Working hygienically remains a focus of attention

On average, compliance with animal welfare rules is 90%.
On average, compliance with animal welfare rules is 90%.

THE NETHERLANDS, Utrecht. Large poultry slaughterhouses generally comply well with animal welfare and food safety rules. However, there is still room for improvement, especially in the area of hygienic working. This is shown by the compliance monitor for poultry slaughterhouses for the first half of 2018 of the Dutch Food and Consumer Product Safety Authority (NVWA), which shows how the companies comply with the rules for each slaughterhouse.

In large poultry slaughterhouses, veterinarians of the NVWA continuously monitor the situation. The veterinarians supervise compliance with the rules for food safety and animal welfare and act immediately in the event of violations.

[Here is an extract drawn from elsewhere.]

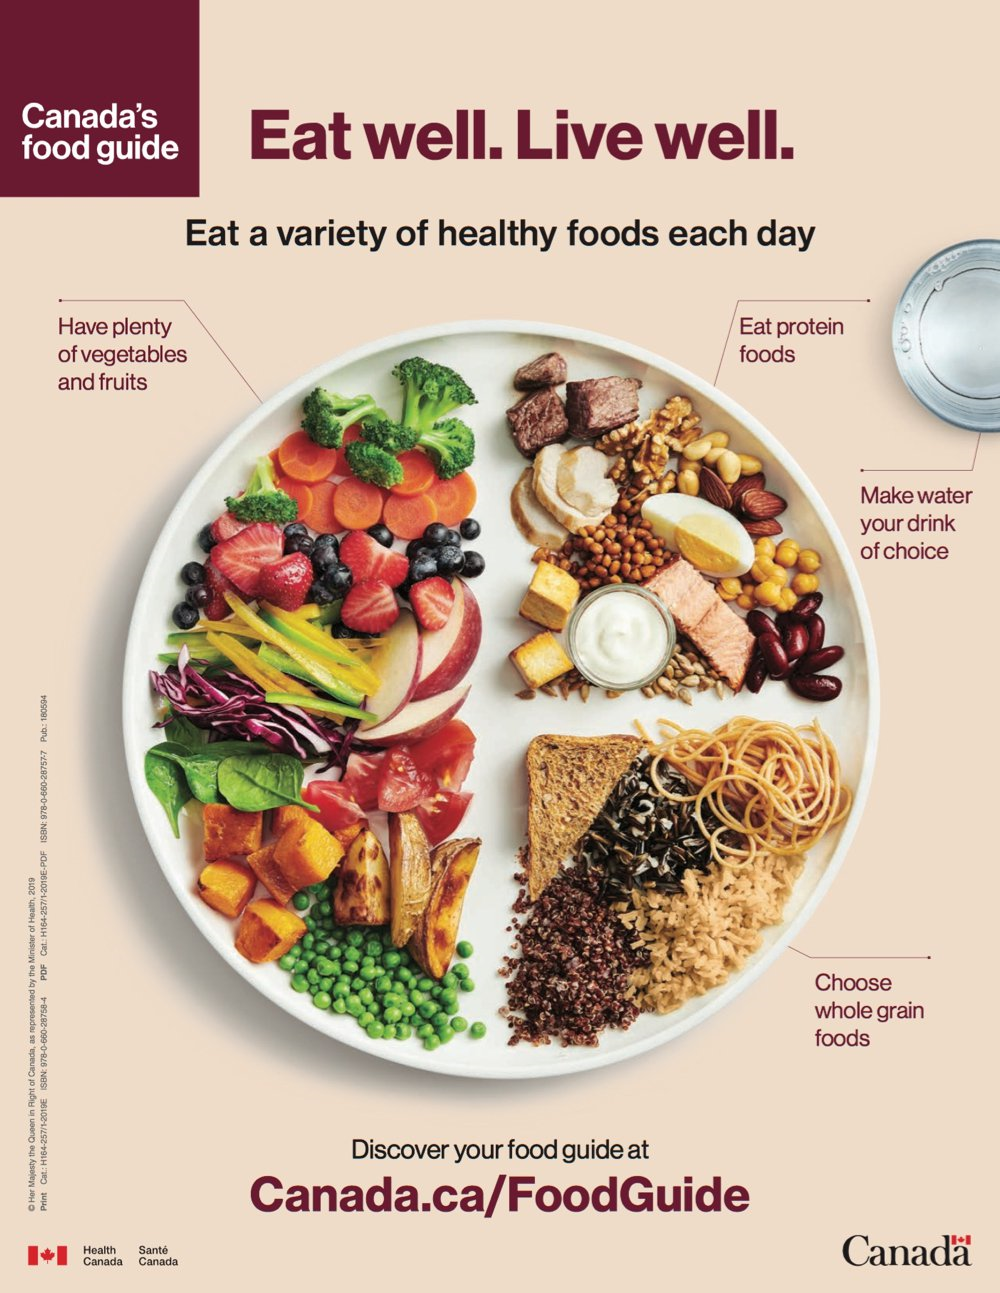 CMA’s advocacy work on new Canada’s Food Guide pays off | CMA

In addition, the NVWA veterinarians regularly carry out random checks to monitor whether the company is complying with the rules properly. The results of these samples are published in the compliance monitor.

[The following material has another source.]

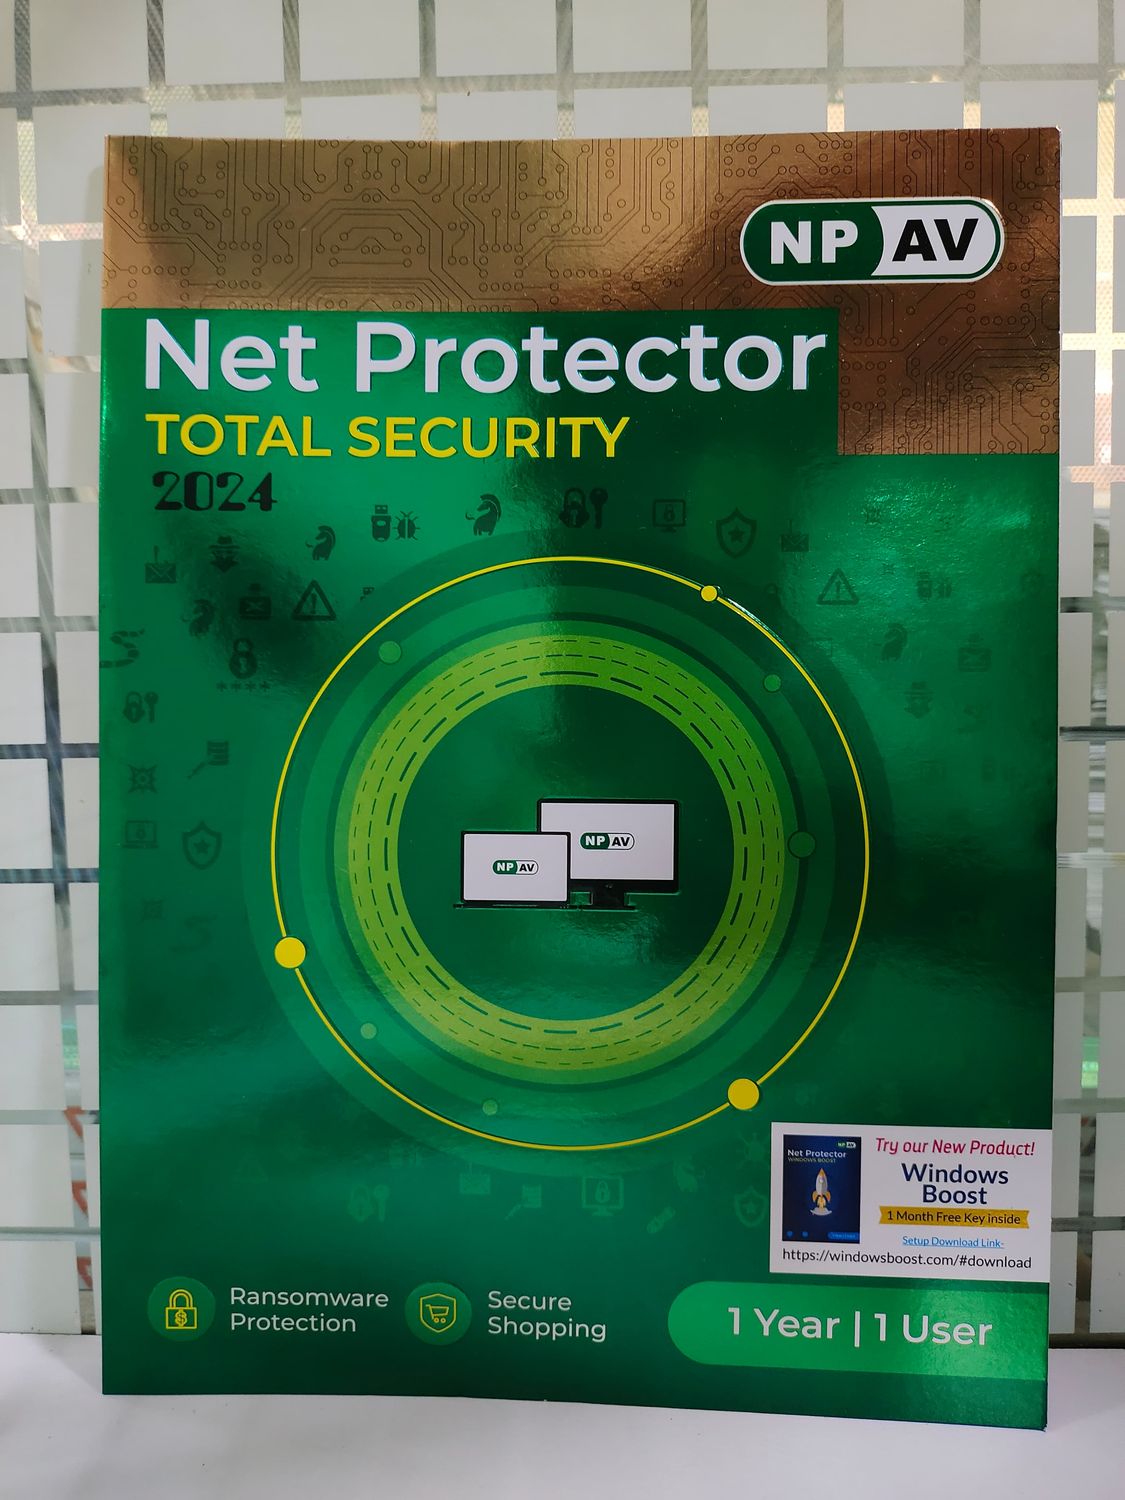 New, 1 User, 1 Year, Net Protector Total Security

The most important indicator for hygienic slaughter is the level of visible contamination on the final product. Compliance is 93% stable. Nevertheless, improvements in the production process are still desirable. It is important that rooms, machines and materials in slaughterhouses are cleaned thoroughly every day. The figures from the compliance monitor show that poultry slaughterhouses do not always succeed in this. Floors and walls are sometimes not cleaned properly and machines and conveyor belts are not always clean either. There is also room for improvement in terms of personal hygiene and the prevention of cross-contamination and condensation.

On average, compliance with animal welfare rules is 90%. Compliance with animal welfare rules for cutting and bleeding has been at a high level since 2015. Compliance has clearly increased during stunning, waiting and movement. Compliance with the rules is lower when animals are fed. This is mainly because a number of farms do not carry out the compulsory welfare check upon arrival of the animals properly.